Eighty-five patients were randomized to usual care and 81 remained for final analysis. Four of the 85 patients were lost to followup because they reported being too sick.

The descriptive statistics are presented for the demographic and clinical variables of the 3 groups in Table 1. There were no statistically significant differences in the pre-specified moderators of level of depressive symptoms, BDNF Val66Met, and APOE-ε4 or the post hoc moderators of gender, global cognitive function (MoCA) and age among the 3 groups (Table 1).
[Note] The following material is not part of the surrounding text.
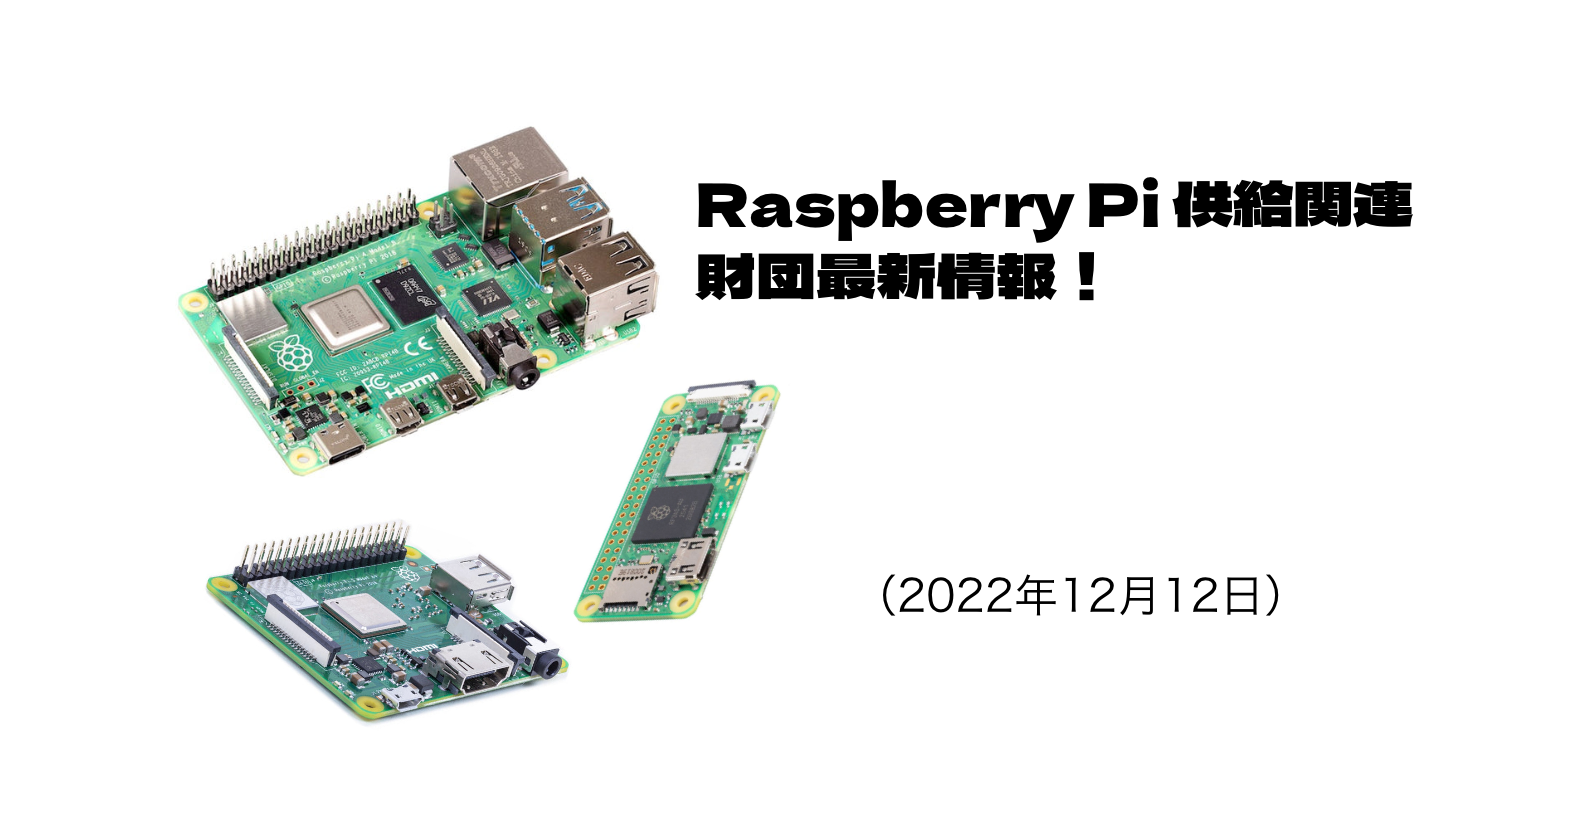 Raspberry Pi 供給関連、財団最新情報！（2022年12月12日情報）

Notably, there were significant differences in HF severity because more patients with increased HF severity (NYHA class 3) were randomized to CCT (57.7%) and computerized puzzles (59.3%) than to usual care (41.2%) (p = .049).

Table 1.

Baseline demographic and clinical characteristics by group (n = 256)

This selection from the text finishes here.